First, GILD’s “See your doctor” DTC campaign to boost HCV awareness is clearly bullish for ABBV/ENTA, as noted in #msg-96800604.
Now, let’s talk about the more important question of valuation. My ENTA valuation model for 2015 (#msg-94993406) has $10.8B of overall GT1 sales in the US and ES, of which GILD would get $6.7B (62%) and ABBV/ENTA would get $4.1B (38%) if there were price parity between the two regimens. If GILD’s regimen has a higher price than ABBV/ENTA’s regimen, GILD’s dollar share of the GT1 market will exceed the 62% volume share, and GILD’s GT1 sales in 2015 would presumably be somewhat higher than the $6.7B figure above—likely in the range of $7.5-8B. Adding in GILD’s US/EU sales in GT2/GT3, where GILD will have a near-100% market share in 2015, one can see that a $10B+ all-in HCV sales number for GILD in 2015 is not inconsistent with my model.

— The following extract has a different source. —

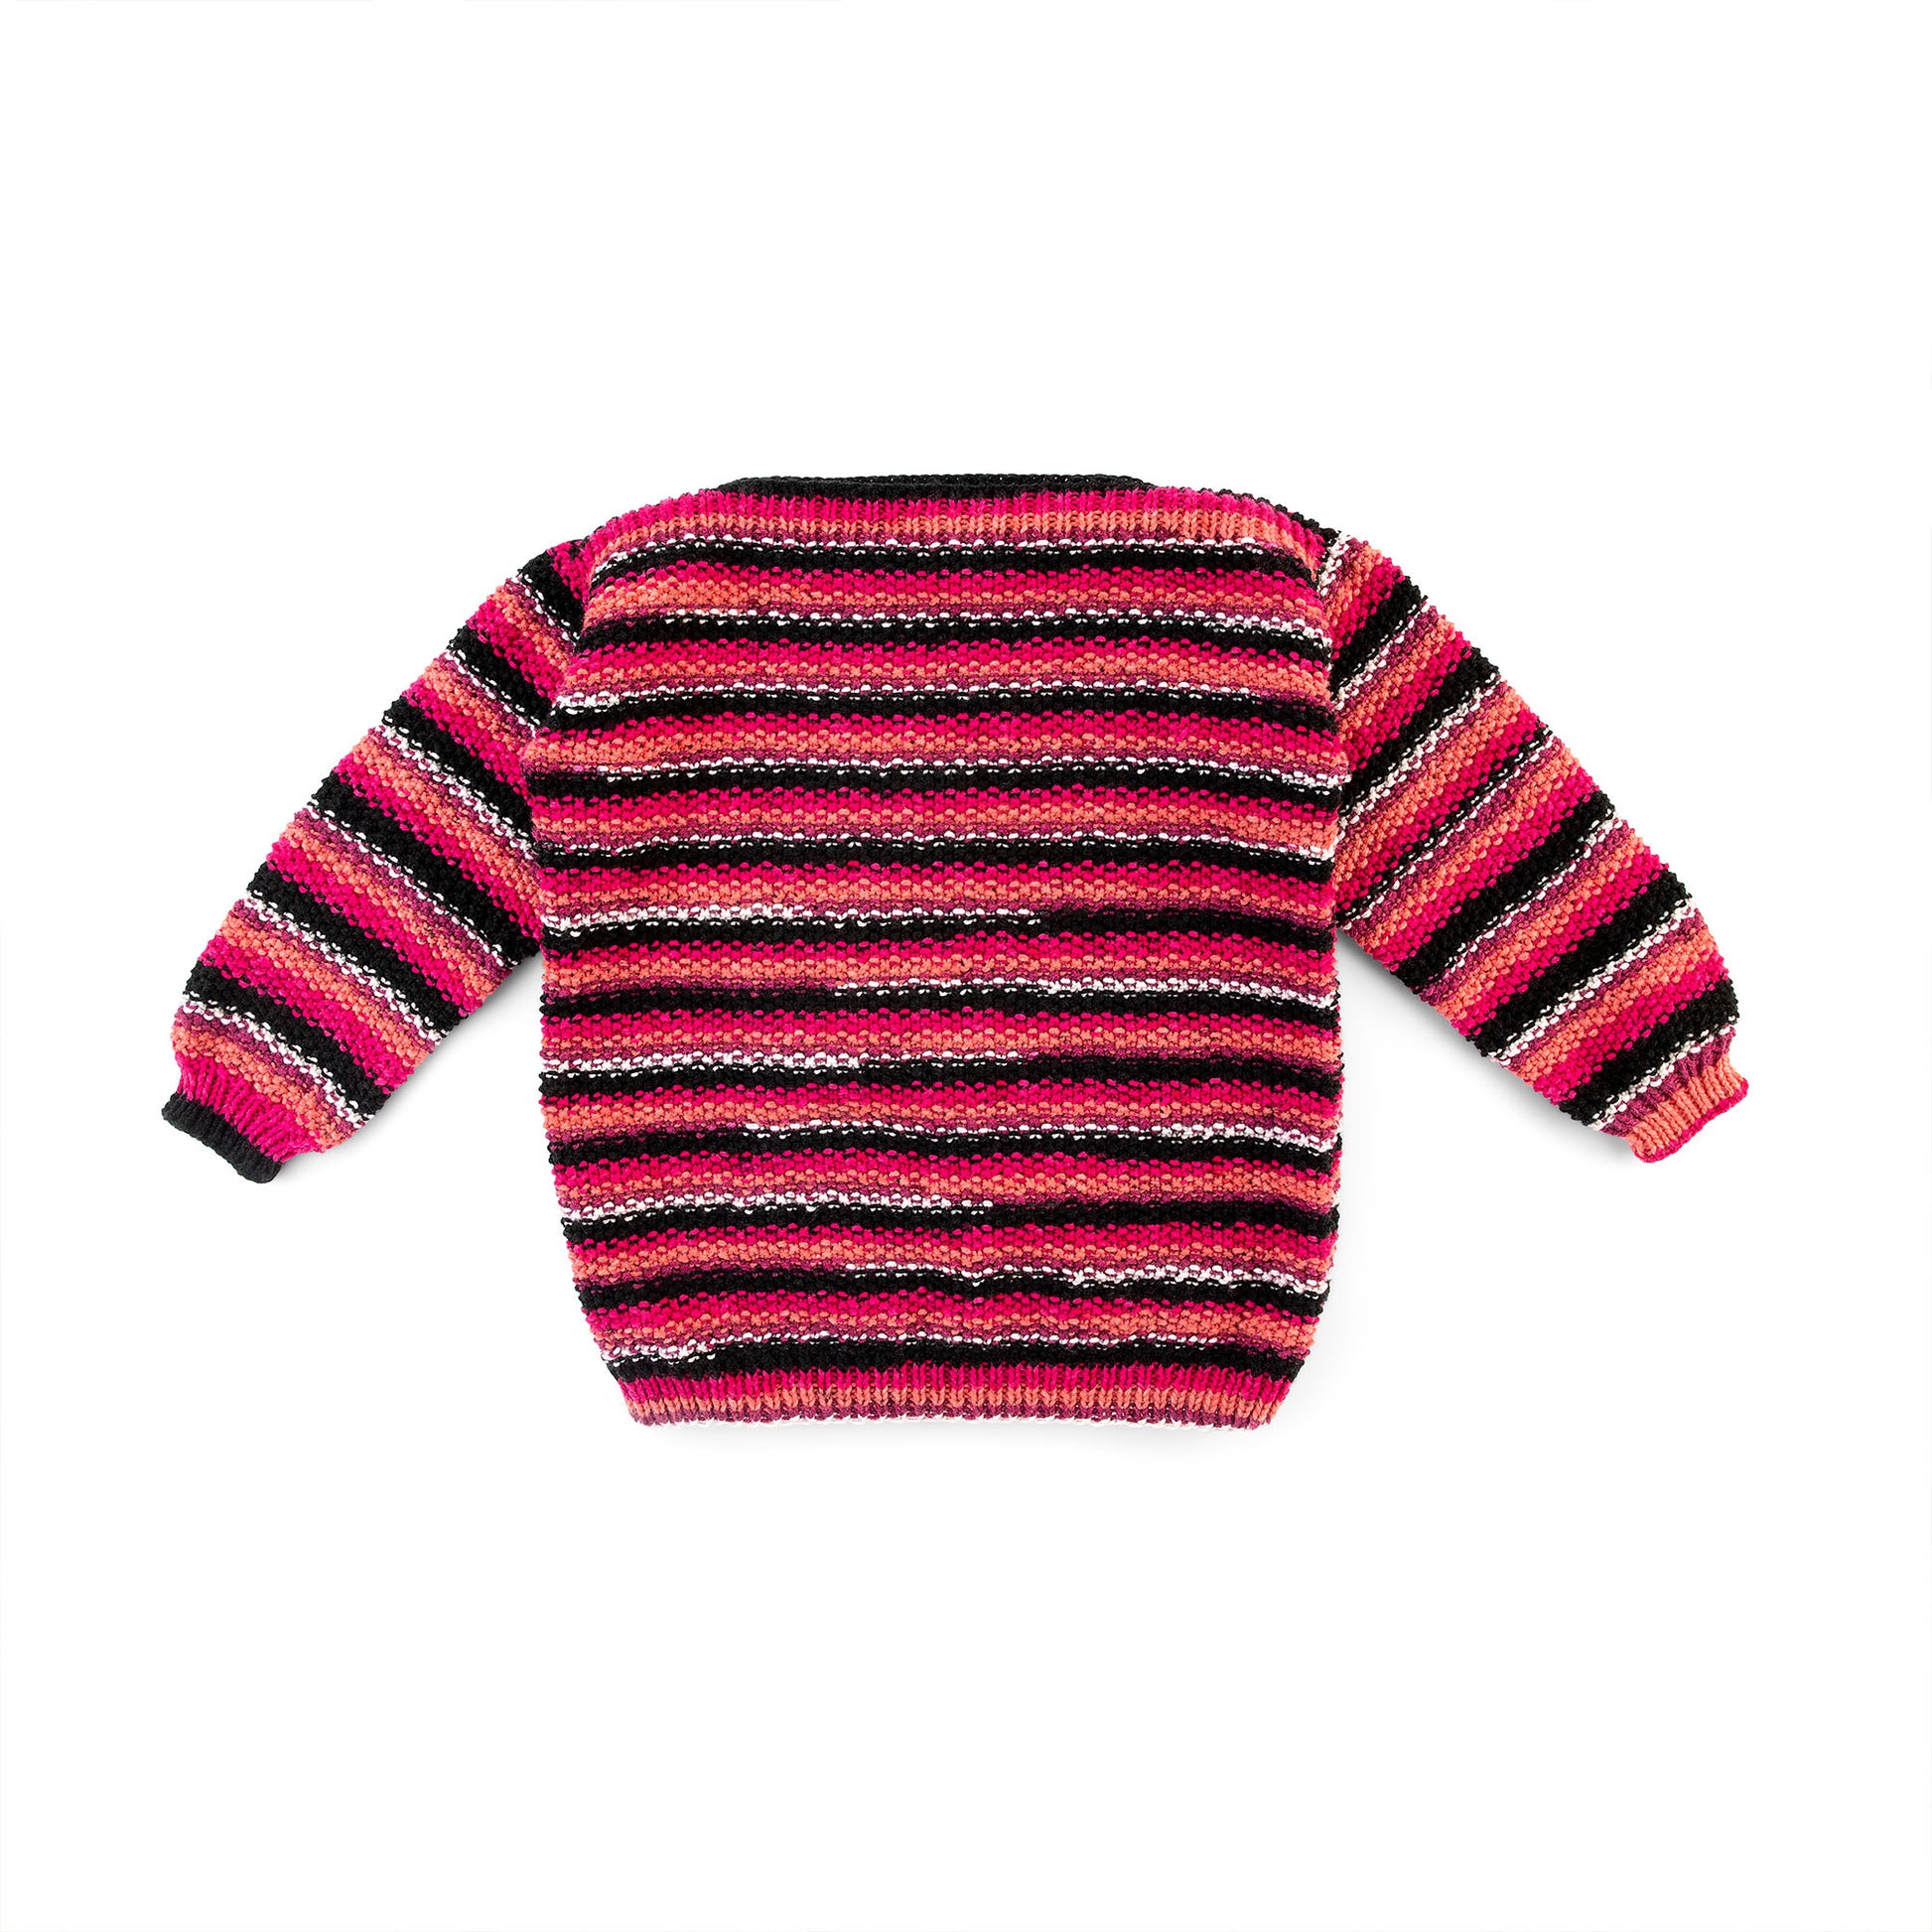 Free Red Heart Easy Stripes Knit Sweater Pattern
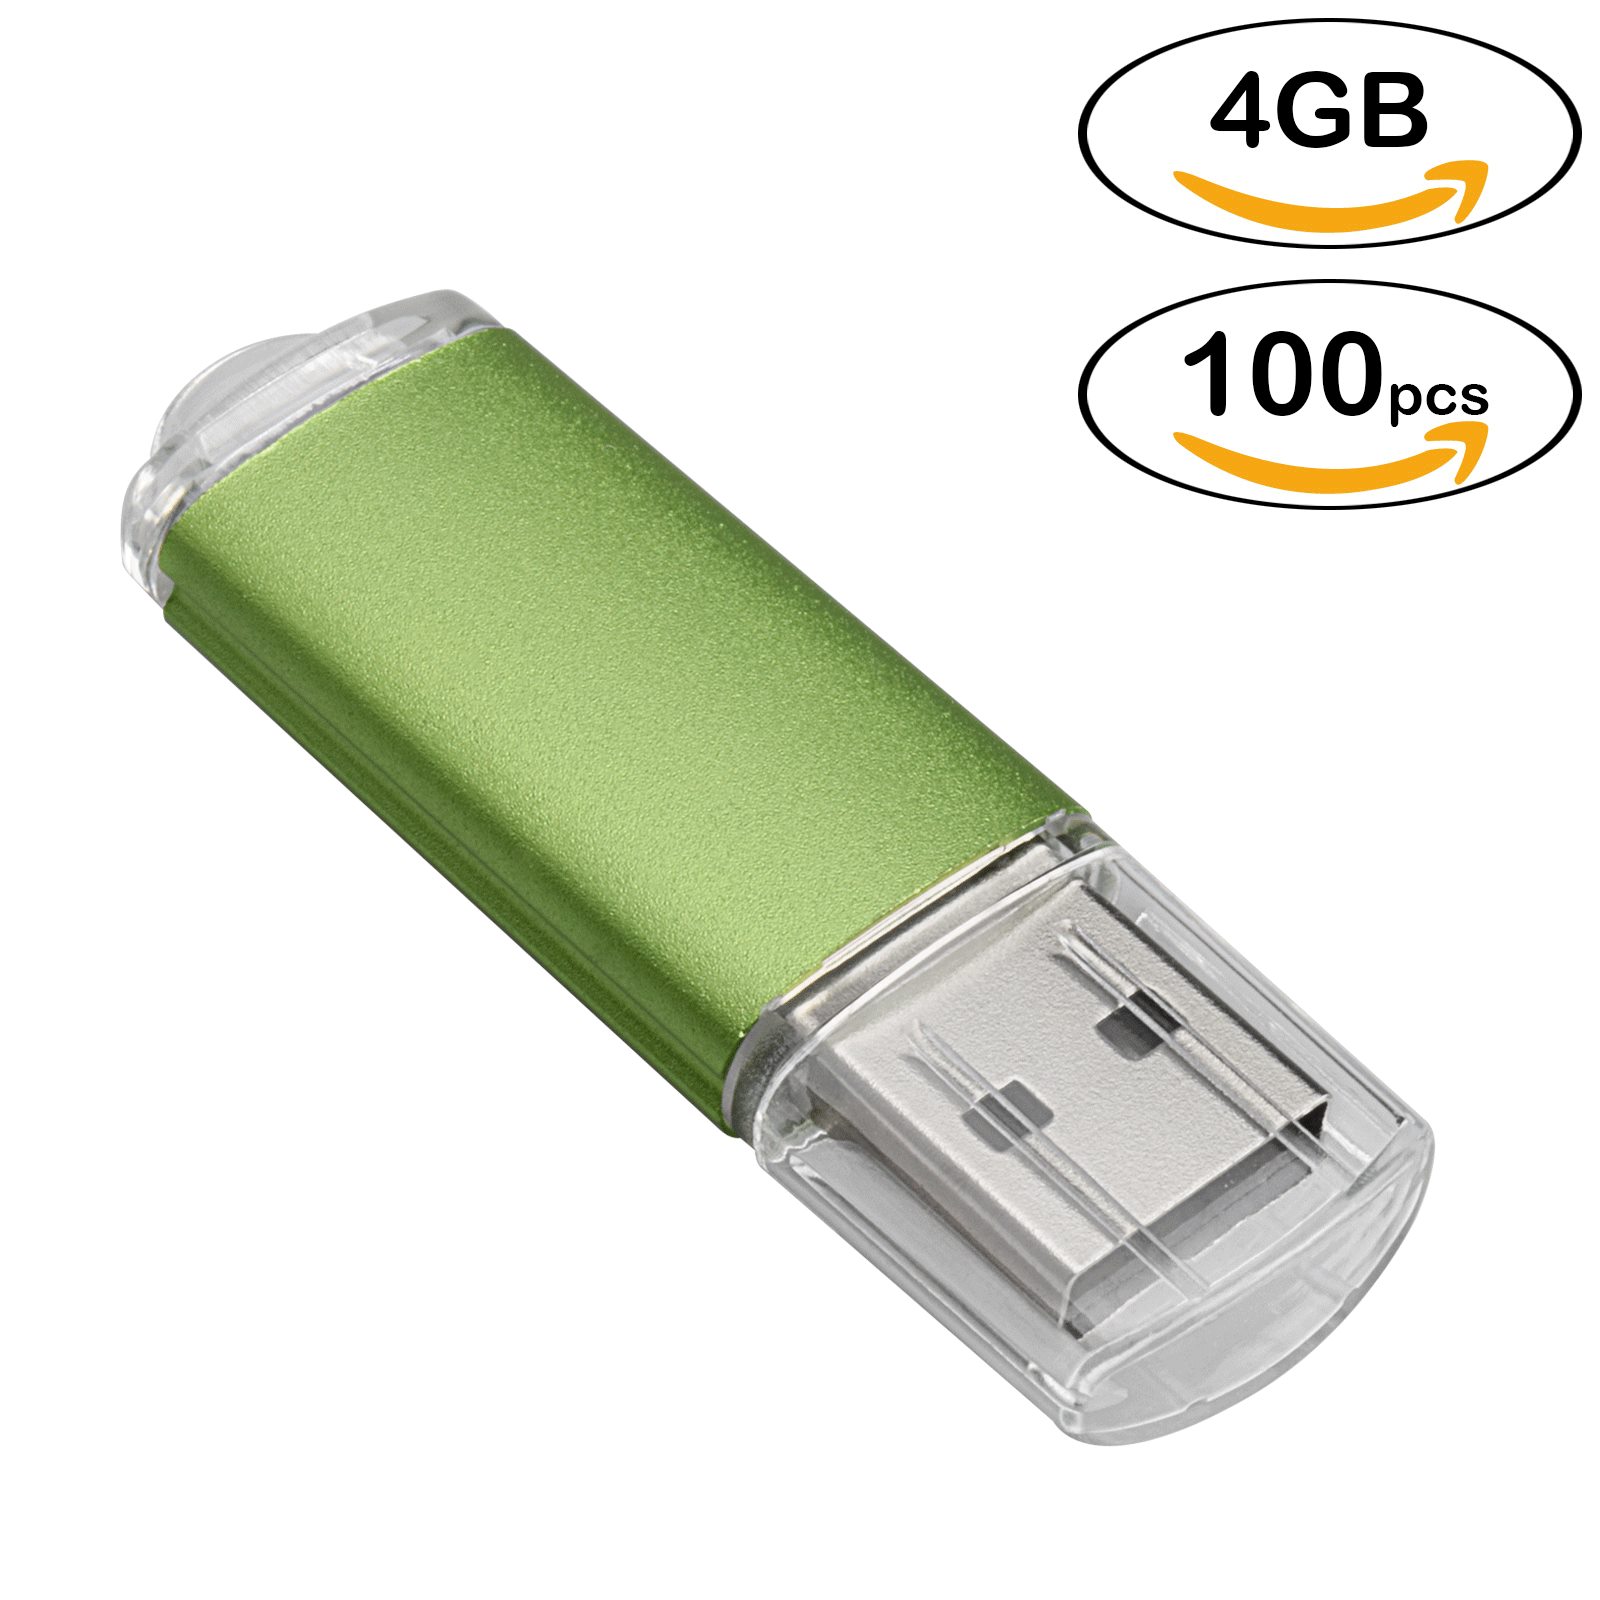 

Wholesale 100pcs Rectangle USB Flash Drives 4GB Flash Pen Drive High Speed 4gb Thumb Memory Stick Storage for PC Laptop Tablet Multicolors

Still, it’s valid to ask: Does GILD’s rapid launch of Sovaldi (without Ledipasvir) justify altering the parameters in my ENTA valuation model? Maybe; however, we still don’t know what price GILD will charge for 8w and 12w regimens of Sovaldi + Ledipasvir in either the US or EU, nor do we know the proportion of patients who will be treated for 8w vs 12w.
All told, I think it’s fair to say that the rapid Sovaldi launch doesn’t justify lowering the bottom-line figure in my ENTA valuation model, but it may justify raising it.
“The efficient-market hypothesis may be the foremost piece of B.S. ever promulgated in any area of human knowledge!”